Now try drawing a similar diagram, with the two earth dots 2 AU apart on each side of the Sun dot, and with a dot 10,000 AU from the Sun dot. Draw lines from the Earth dots to the 100 AU dot and measure the angle between them, much smaller than in the previous chart.

And by then you should give up and say that nobody could possibly measure angles that small and that it must be impossible to measure the parallax of objects 10,000 AU from Earth, and maybe even impossible to measure the parallax of objects only 1,000 AU from Earth.

For over a century astronomers tried to measure the parallaxes of other stars to calculate their distances from Earth. Finally, in the 1830s, astronomical instruments and methods had improved enough that the parallaxes of three stars were measured.

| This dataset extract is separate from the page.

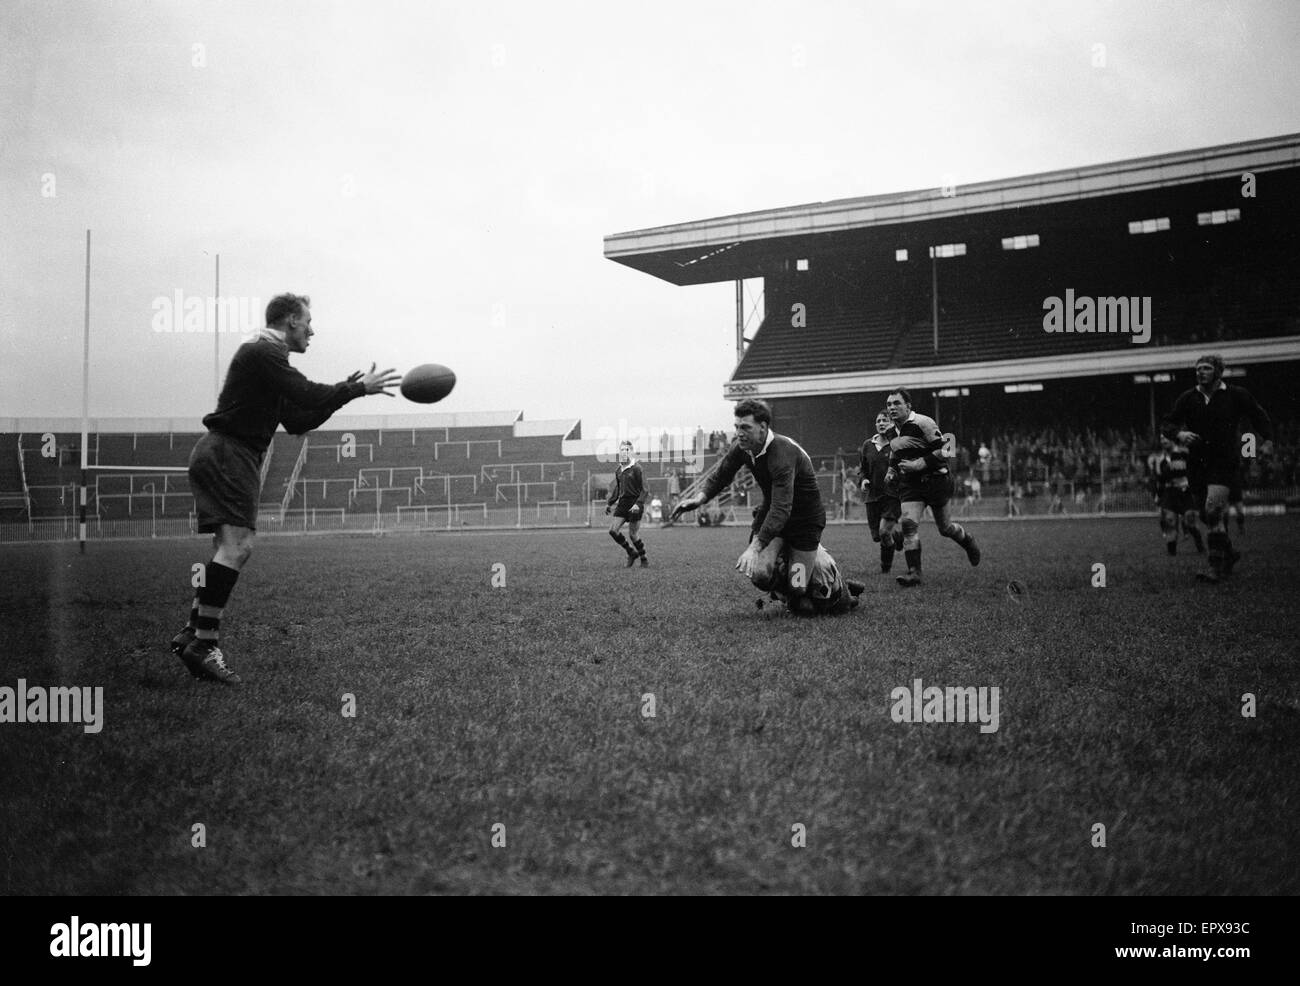 London Wasps v Cardiff Blues, Rugby Union match, dicembre 1959. Foto Stock
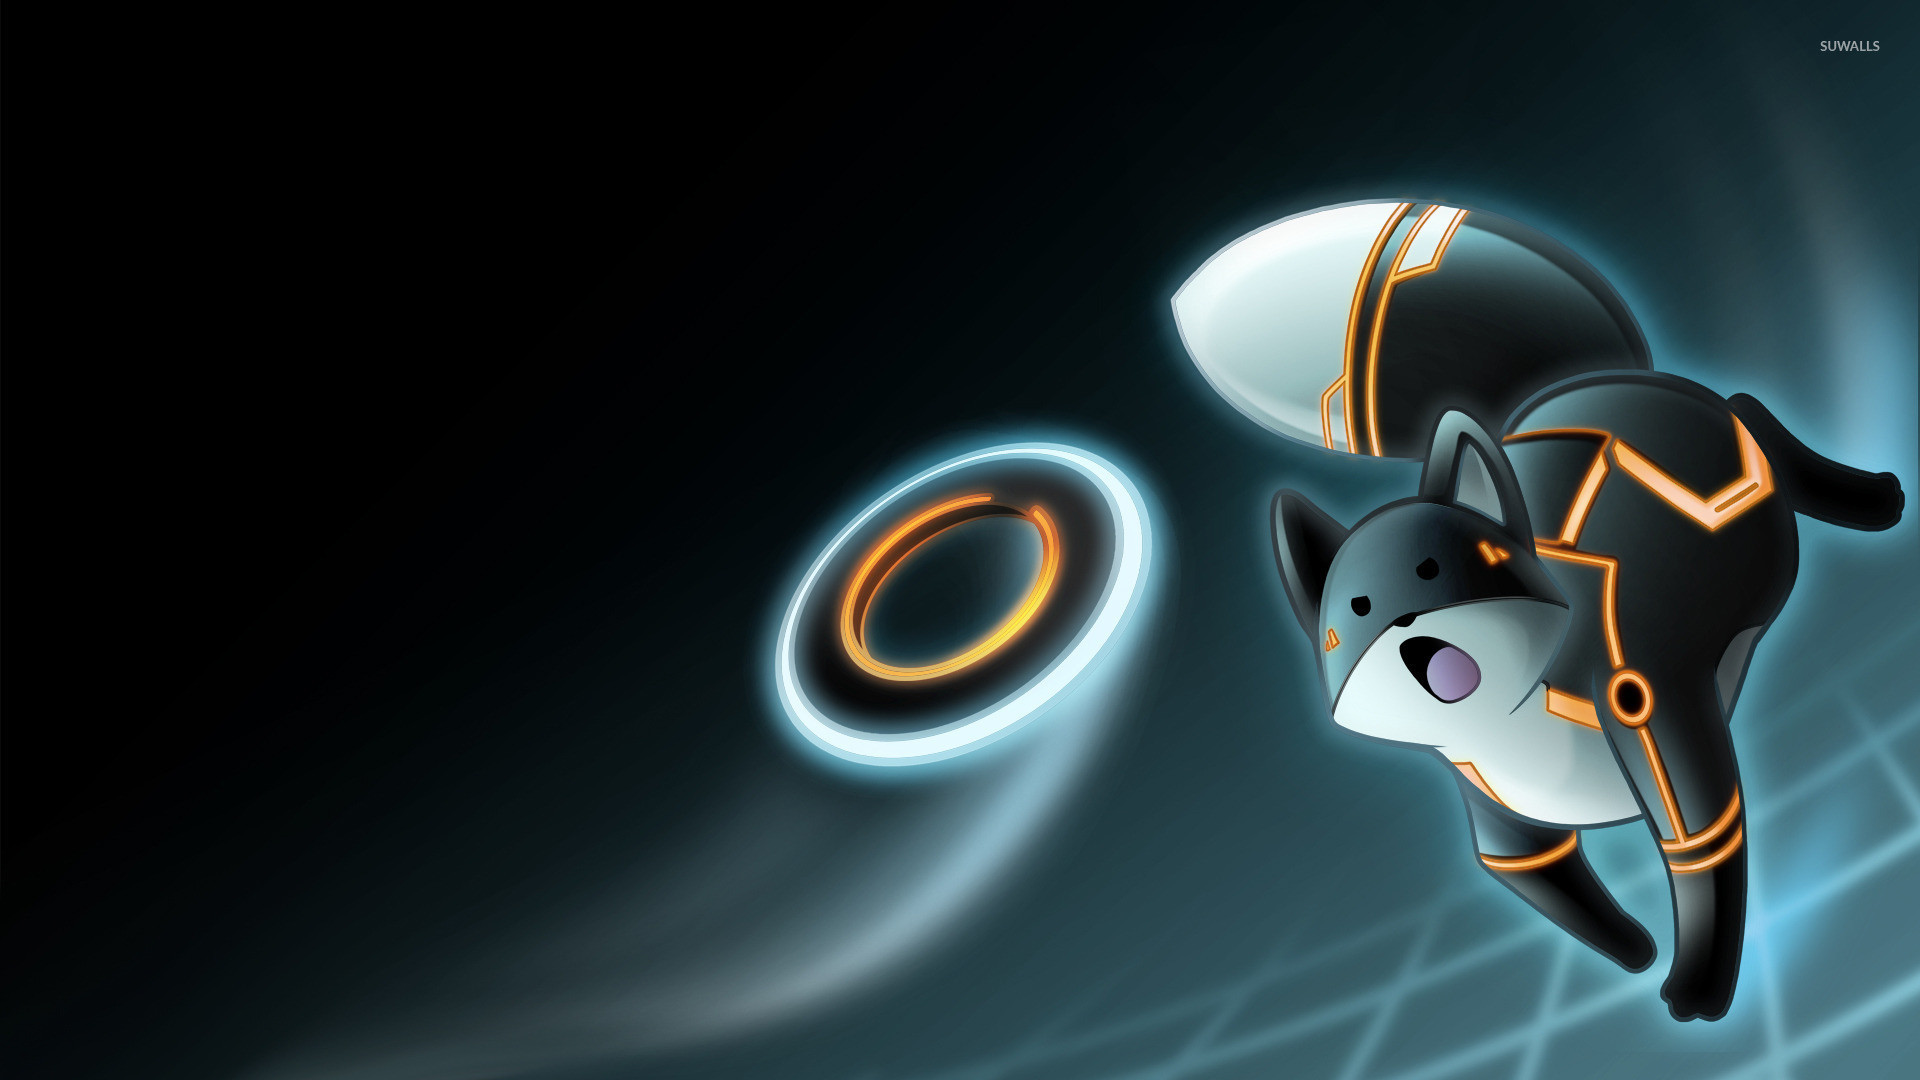 1920x1080  Top Space Cat Wallpaper Images for Pinterest

Friedrich Wilhelm Bessel measured the parallax of 61 Cygni, Thomas Henderson measured the parallax of Alpha Centauri, and Friedrich G. W. von Struve measured the parallax of Vega (Alpha Lyrae).

And how far away are 61 Cygni, Alpha Centauri, and Vega?

The distance to stars are measured in light years, defined as being 63,241.077 AU long, and parsecs, defined as being 206,264.806 AU long.

According to the latest and most accurate measurements, Alpha Centauri is about 4.37 light years distant, or about 276,363.5 AU, 61 Cygni is about 11.406 light years or 721,327.72 AU distant, and Vega is about 25.04 light years or 1,583,556.5 AU distant.

So by the 1830s astronomers could measure angles hundreds and even thousands of times smaller than the angles you just convinced yourself were too small to measure, and thus could measure distances hundreds and thousands of times farther than what you thought was the limit. And astronomical techniques have become many times more precise in the last 180 years.

So how far away is Alpha Ursae Minoris or Polaris? About 323 to 433 light years, which is about 20,426,867 to 27,383,386 AU.

So the distance to Polaris is about 10,213,433 to 13,691,693 times the baseline of 2 AU used to observe Polaris from half a year apart. Imagine drawing a diagram of that to scale and trying to measure the difference in angles. No wonder it is impossible for humans to notice any change in the stars over the course of a year with the naked eye, and incredibly advanced and precise astronomical instruments and techniques are needed to measure the parallaxes of stars.